I will do anything to see that tailwagging!


----------



## MollyMuiMa (Oct 13, 2012)

Molly doesn't have many opportunities to get dirty..... except when she's found a Gopher hole !!!!


----------



## Tiny Poodles (Jun 20, 2013)

You couldn't tell if my silver or black were dirty, and that is by design ha ha, are you jealous?


----------



## Naira (Jan 9, 2015)

Haha it all has its pros and cons.  my black toy poodle was just as dirty as my cream mini, I just couldn't see it. Yuck haha.


----------



## Legs&Leashes (Mar 12, 2015)

Not sure if you can see this since the culprit was on the run... but Gixxer found a nice cut grass pile in the backyard that was left. He went to town, mud & grass an everywhere plus his infamous pee feet. Sighh... lol

Bonus picture: His accomplice Penny & her sexy dirt beard. 
Never a dull moment with these 2!!


----------



## Nicofreako (Aug 19, 2013)

Nico is black (now with lots of gray hair) but you can tell when she's dirty! 
She also doesn't care to "pose" for a camera :aetsch:


----------



## poodlecrazy#1 (Jul 2, 2013)

Ok so this is my first poodle Carmel but it's the only picture I have of a dirty poodle lol. He decided he wanted to dig in mud one day. My Tpoos that I have now are to prissy to do something like that lol.


----------



## peccan (Aug 26, 2014)

Ya'll got nothing on Sulo! :aetsch:




> Sand. Litter.

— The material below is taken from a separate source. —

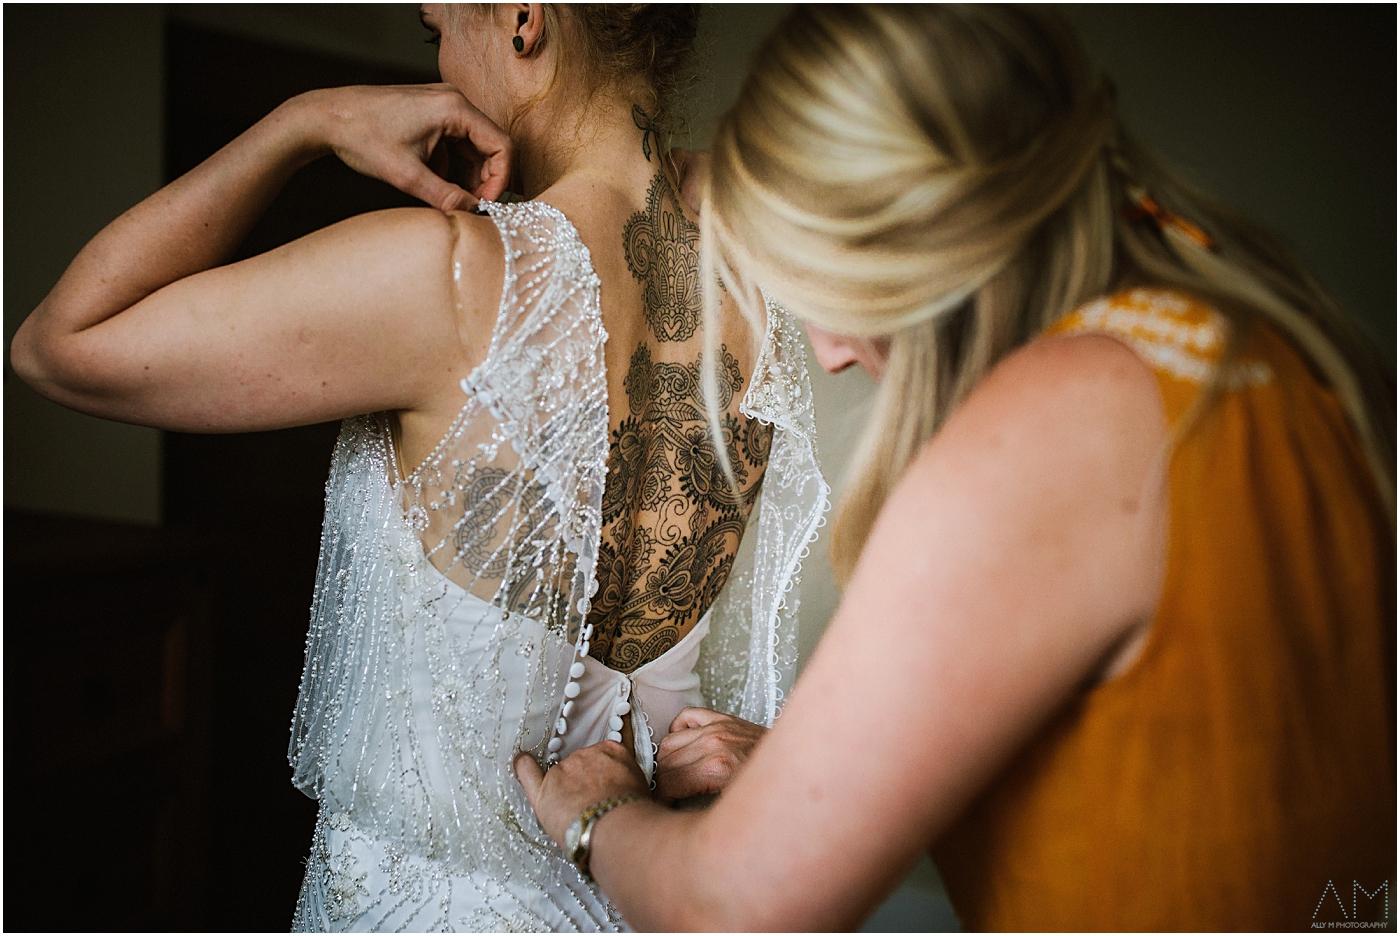 Brides back tattoo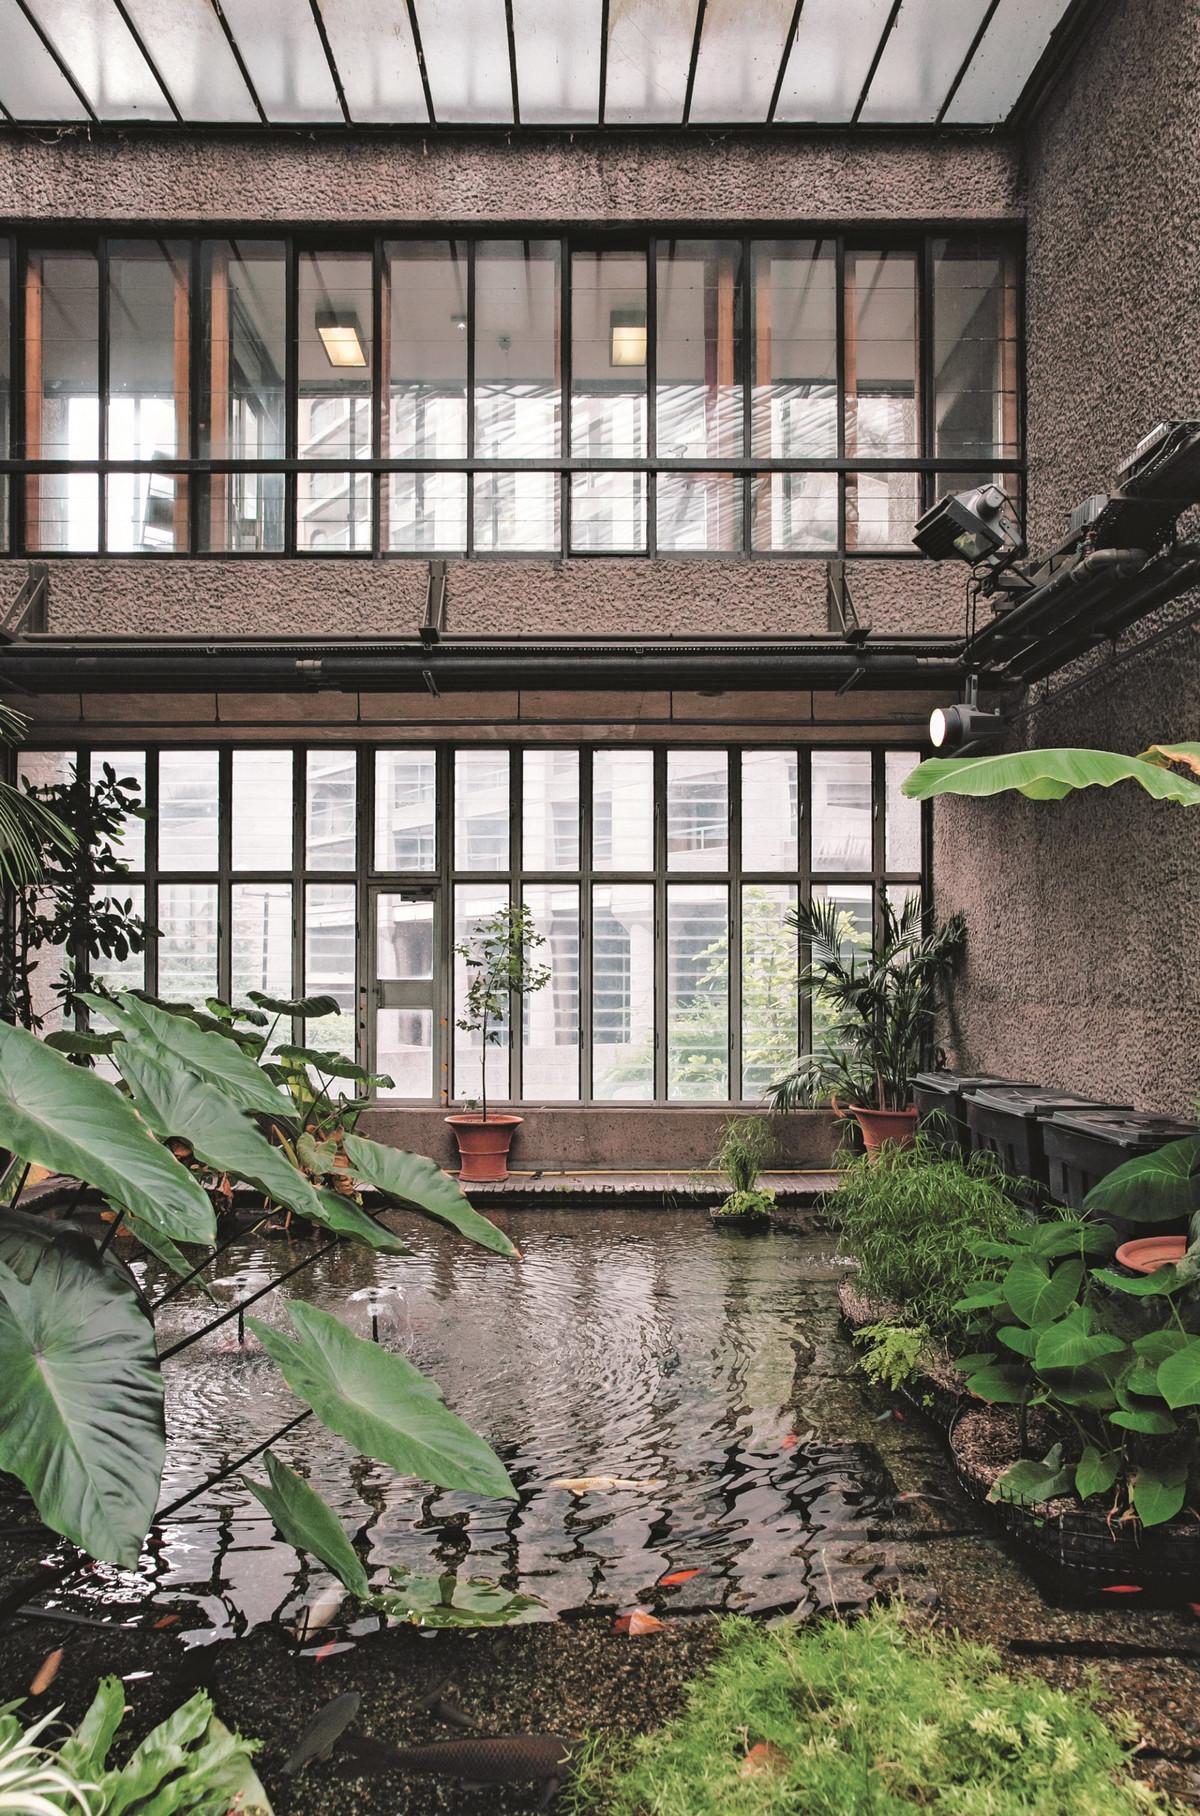 «Дуэт фотографов путешествует по миру, снимая ботанические сады, оранжереи и теплицы 5

Mud. Water. Only the Avatar can master all four elements and bring balance to the world.


----------



## Naira (Jan 9, 2015)

Lmao I love all these pictures of dogs just being dogs. I have to admit..mud is a wholllleeeeeee different story than dirt. I had quite a time getting all that mud off


----------



## Legs&Leashes (Mar 12, 2015)

Lol @ the avatar! I want to know how long clean up was for these dirty cuties!!? Worth it still I bet.


----------



## JudyD (Feb 3, 2013)

This was taken after a very successful day in the rain. Well, from Blue's viewpoint, anyway. I wasn't quite as happy. Jazz was just as bad, but, as other owners of black dogs have pointed out, it isn't obvious.


----------



## poolann (Jan 31, 2013)

I'll play along. Pre-groom, 3 weeks w/o a bath. He had been helping me clean crates. Trust me when I tell you there was red mud that ran out into the tub


----------



## Oreo's Mommy (Dec 18, 2012)

Oreo at the beach last year.


----------



## Legs&Leashes (Mar 12, 2015)

So after washing Gix last night I fed him & let him outside early this a.m. I must have fallen asleep because out of nowhere it was pouring rain. I looked out of the window & this is what I saw.... sighhh. I felt bad for him until I found a nice mud hole he made outside too. Smh... He gave him self a nice white to brown "ombre" look lol


----------



## bookwormjane (Dec 18, 2011)

Daphne after playing outside.


----------



## ChantersMom (Aug 20, 2012)

Well I don't have a picture of Chanter but let me tell you: we went to the park and he ran and his face lit up like a Christmas tree when we saw all the puddles. He ran through each and every one of them. I am so glad I didn't give him a bath last night!


----------



## peppersb (Jun 5, 2011)

Here are some pictures of my dirty Cammie. The first two show her playing with her friend Dunkin. The second two show the results of playing with Dunkin. The final two show her dirty feet after wading into the pond.


----------



## Suddenly (Aug 8, 2013)

Home from Sleep away Camp!!
Brandon went camp for 12 nights. Now he's sleeping with his head in my lap.
My husband is not well and we had lots of places to go, and doctors to see. But now home because there's no place like home!! I missed him so.


----------



## Axeldog (Aug 29, 2014)

peppersb said:


> ...The second two show the results of playing with Dunkin. The final two show her dirty feet after wading into the pond.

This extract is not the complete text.